Свидетельство в себе самом дано нам изначально, но ему нужно позволить проявиться в нас. Быть послушным ему, покорить ему слух. На это воспитание слуха может уйти вся жизнь, которая по-настоящему «сбывается» (Цветаева) лишь в покорности. Возьмем историю Иова, разве это не притча сбывшейся жизни или нового рождения? Вот человек богобоязненный, благочестивый, живущий в ладу с законом, идущий по утоптанной, славной дороге, вдруг проваливается в преисподнюю бед. Каждая клеточка его тела протестует, каждая рана взывает к справедливости. Но при этом само страдание его, что тяжелее песка морского, несет весть о его зависимости от Творца. Словно любящий Врач без наркоза сшивает его плоть с каким-то неведомым, мучительным Промыслом.

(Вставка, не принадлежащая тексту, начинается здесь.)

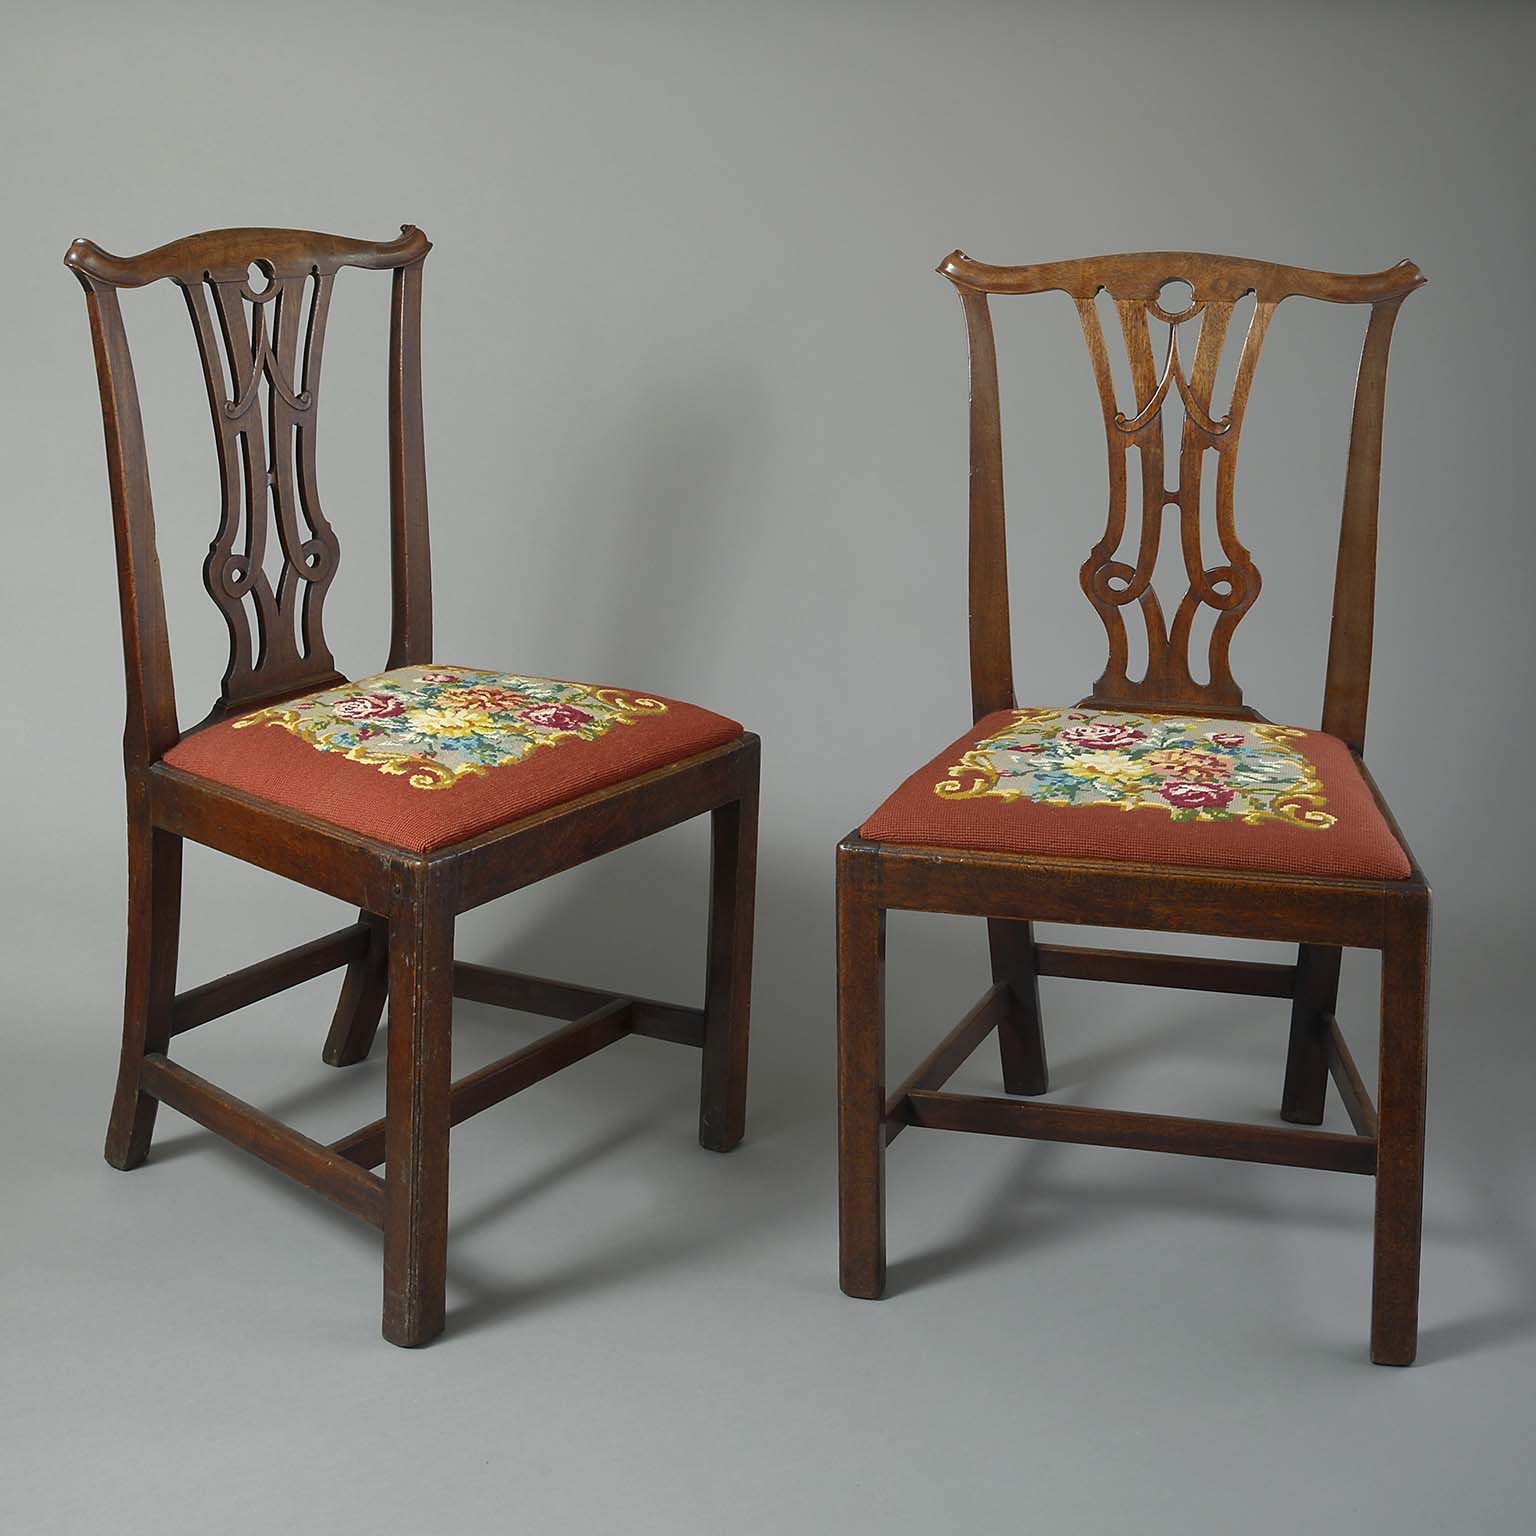 Pair of Chairs of the Chippendale Period

Страдание лучше, чем что-либо иное, вразумляет нас в том, что все наше целиком принадлежит Ему. Все, что, казалось, было в распоряжении его, Иова, изначально есть Его, Божие, и тело, и дух. Именно осознание собственной жизни как дара дает Иову право и мужество задавать Богу вопросы. Если все мое существование течет из дланей Твоих, как мог Ты выпустить меня из рук и дать разбиться?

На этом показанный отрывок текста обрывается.